Austin Macauley Publishers recently released Byrne’s “Human Kindness Shortfalls.”

“My recent publication consists of 28 poems, most of which were written during my time with the poetry group, and each of these was critiqued by them, but it includes several quality poems from earlier times,” he said. “To quantify, I’d say some 85 percent of the poems in this book were written in the last two to three years.”

The book’s description is, each of the poems addresses a problem that human kindness has failed to resolve sufficiently, thereby to enhance people’s ability to improve the world as we know it.

The poems are divided into five categories in the following order: Destructive activities known personally by the author; examples and illustrations of issues that compromise the ability of families to thrive; failures in the political realm that undermine social well-being; critiques of the human propensity for war; and some of the author’s experiences reflective of ecological woes in the world — greater openness to others in our attitudes could improve the world in which we live.

“I arrived at this description almost automatically after having arranged the poems in similar groupings and then identifying the topic each group was about,” he said.

This is Byrne’s second book of poetry. In 2018, he published “Towards Humanizing Humans: Hopeful Poems.” He also included a section of poems in his memoir “Remembering My Self” in 201. He also had approximately a dozen poems published in various outlets for writers, such as “Writers and Readers Magazine.”

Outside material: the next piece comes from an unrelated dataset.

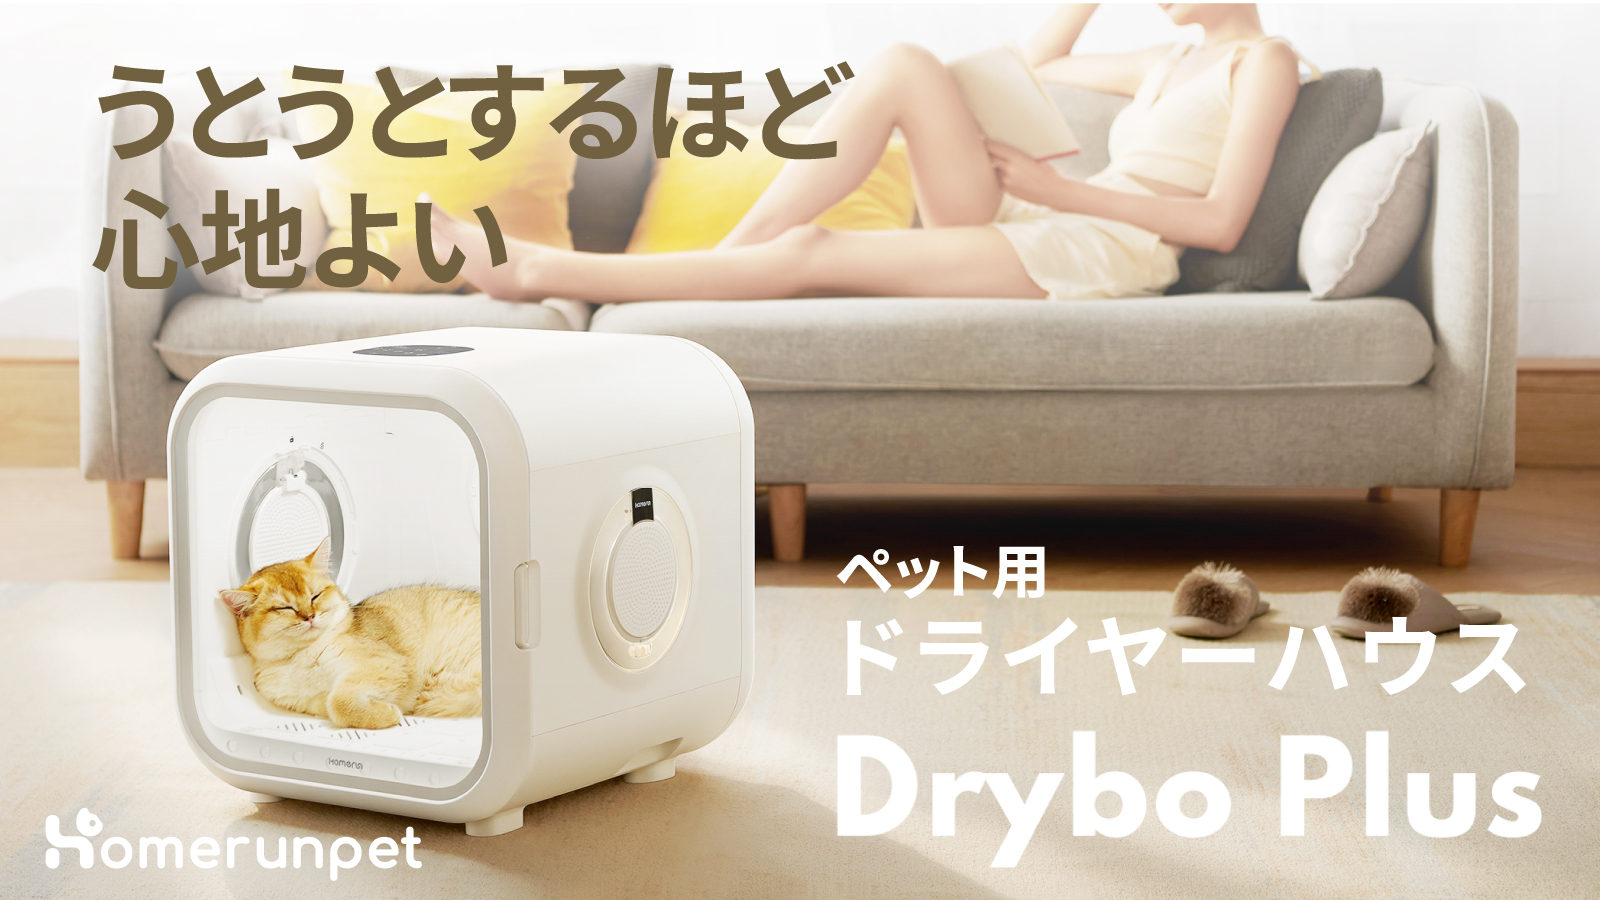 うとうとするほど心地よい、ペット用ドライヤーハウス「Drybo Plus ...
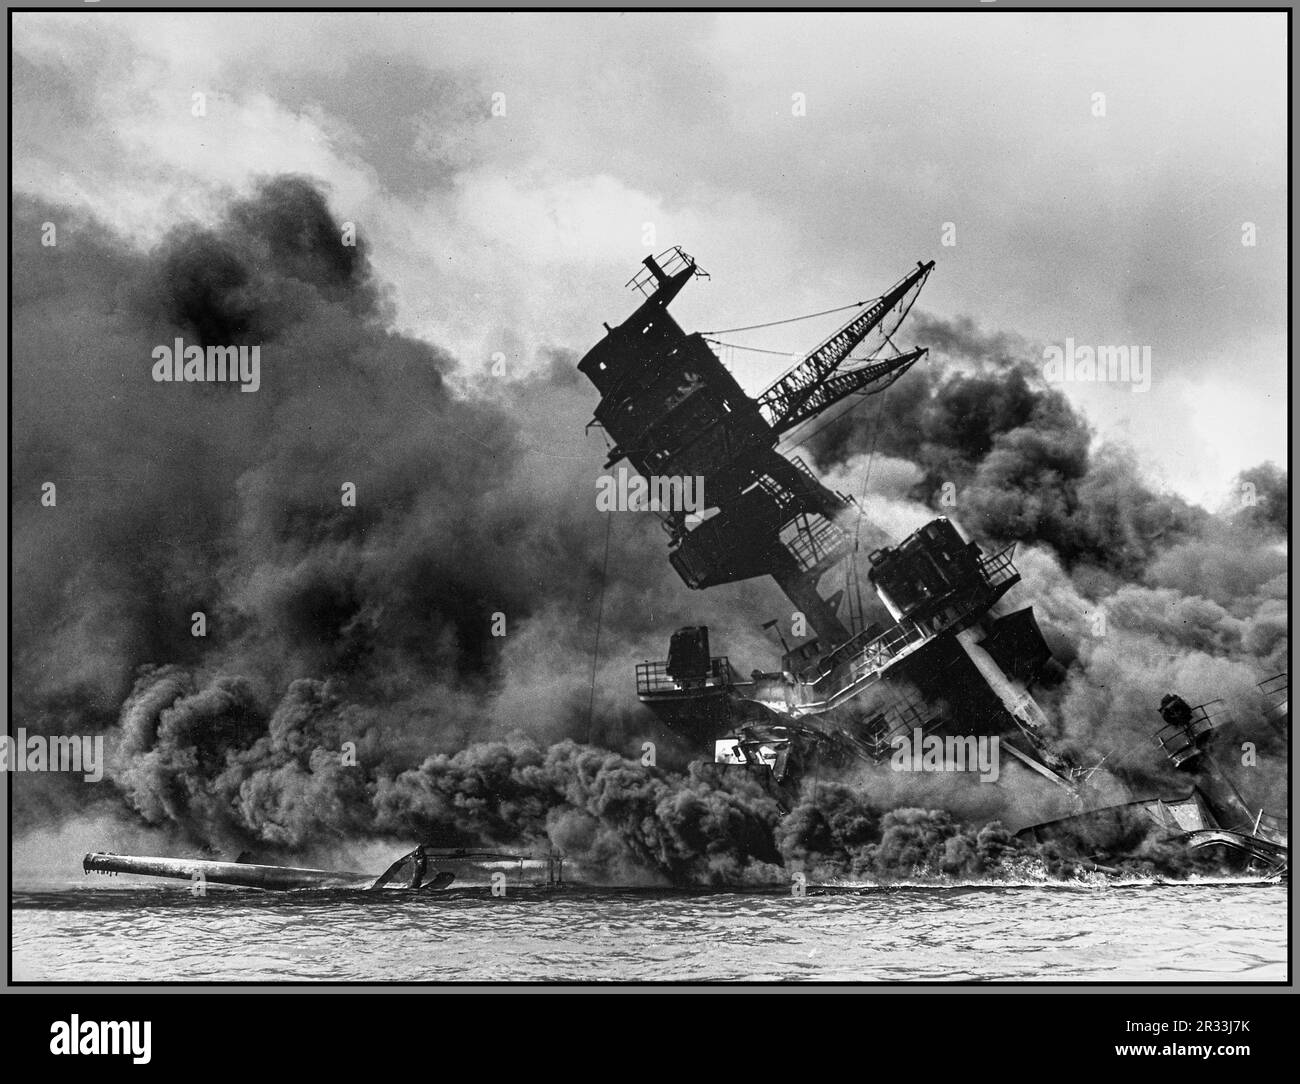 El USS Arizona (BB-39) ardiendo después del ataque japonés a Pearl Harbor, 7 de diciembre de 1941. El USS Arizona se hundió en Pearl Harbor. El barco descansa en el fondo del puerto. La estructura de soporte del mástil trípode delantero se ha colapsado después de que el cargador delantero explotó. WW2 Segunda Guerra Mundial Segunda Guerra Mundial Foto de stock

Byrne, who received the IUPUI Spirit of Philanthropy Award in 2019, joined IUPUI in 1969 and helped establish the Dept. of Philosophy (the first department in the IU School of Liberal Arts). Byrne created the E. F. Byrne Peace Studies Award to encourage liberal arts faculty and students to examine the destructive effects of particular technologies, business and/or religious practices, et al., especially when directed toward war. Byrne also created the Donchin and Byrne Women’s Studies Student Fund in Anne’s memory.